LONDON – A major European technology trade fair has a low-tech idea for reducing virus risks: go hands-free.
Organizers of this month's Mobile World Congress show are advising attendees to adopt a no-handshake policy, threatening to dampen visiting executives' ability to meet and schmooze customers. Show organizers also plan to step up cleaning and disinfecting and make sure speakers don't use the same microphone. Some companies, meanwhile, are pulling out or scaling back plans.
MWC is an important networking and lobbying opportunity for mobile industry executives and government officials from around the world. It's the world's biggest wireless industry trade fair, held in Barcelona, Spain, on the other side of the globe from the virus outbreak's Chinese epicenter.
More than 100,000 people were expected to attend this year, with about 6% from China. The coronavirus has now infected more than 31,400 people globally and killed more than 630, most of them in China.
The latest turmoil for MWC came Friday when Sweden's Ericsson, a major supplier of telecom infrastructure gear, said it was pulling out of the Feb. 24-27 event because it feared the health and safety of employees and customers “cannot be ensured.” While there's little sign of a mass exodus in the works, the departure of Ericsson is a blow to the show because it's one of the biggest exhibitors.

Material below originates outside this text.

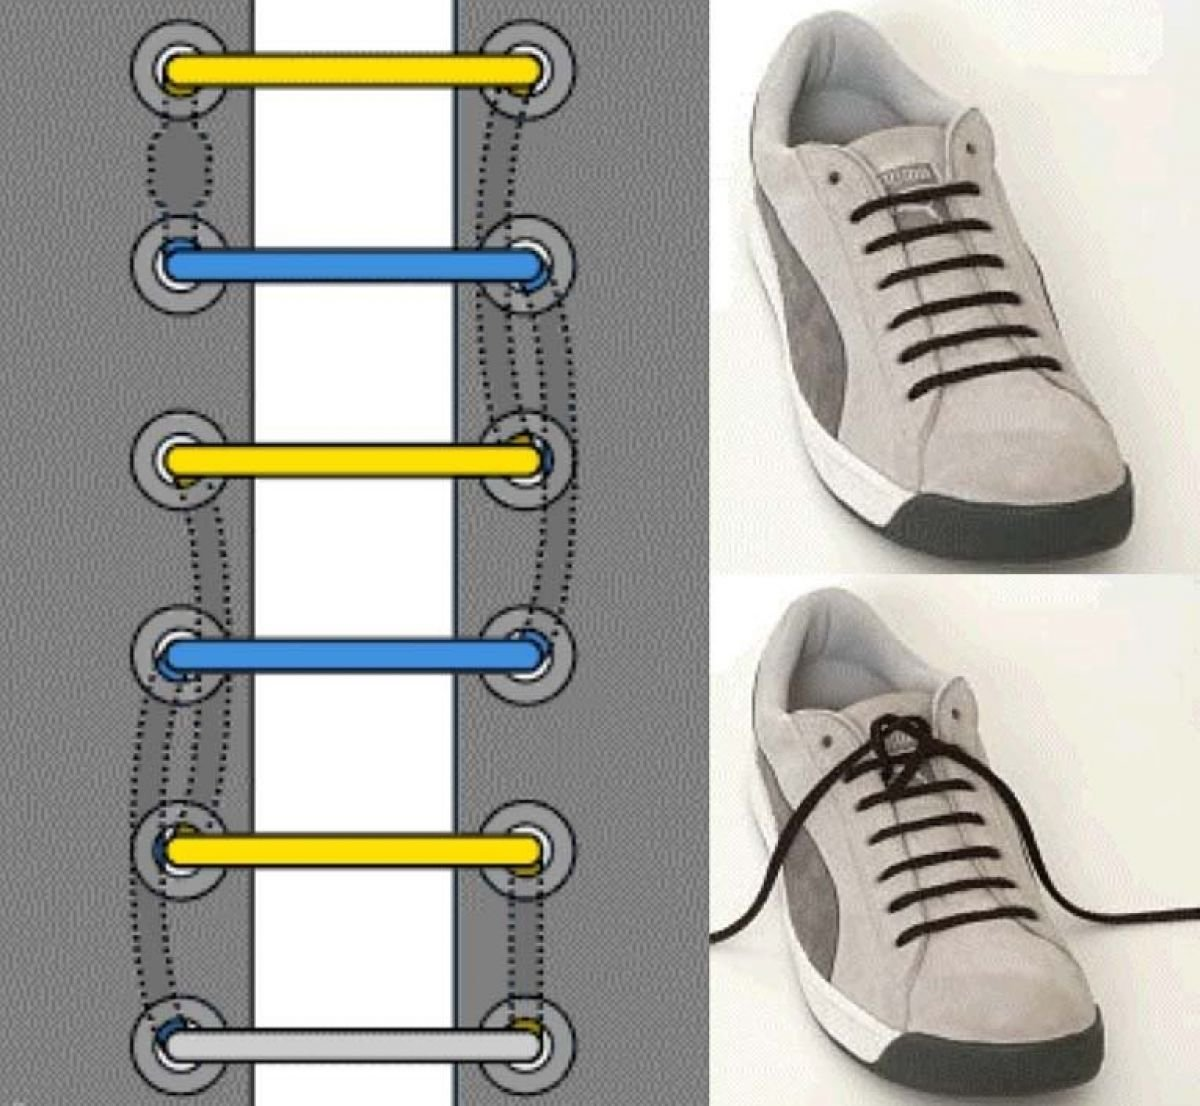 вспышка картинки как завязывать шнурки кеды списал

South Korean tech company LG also withdrew earlier in the week.
Other companies are adjusting or scaling back their plans to adapt to travel and quarantine measures. The Chinese tech giant Huawei, a major sponsor, is assigning European staff to the show. Eric Xu, serving a six-month term as rotating chairman, is scheduled to hold a media briefing by video because he's unable to get to Spain with enough time to undergo the two-week self-quarantine period.
Jean-Baptiste Su, principal analyst at Atherton Research in San Jose, California, said he's decided not to attend because of virus worries.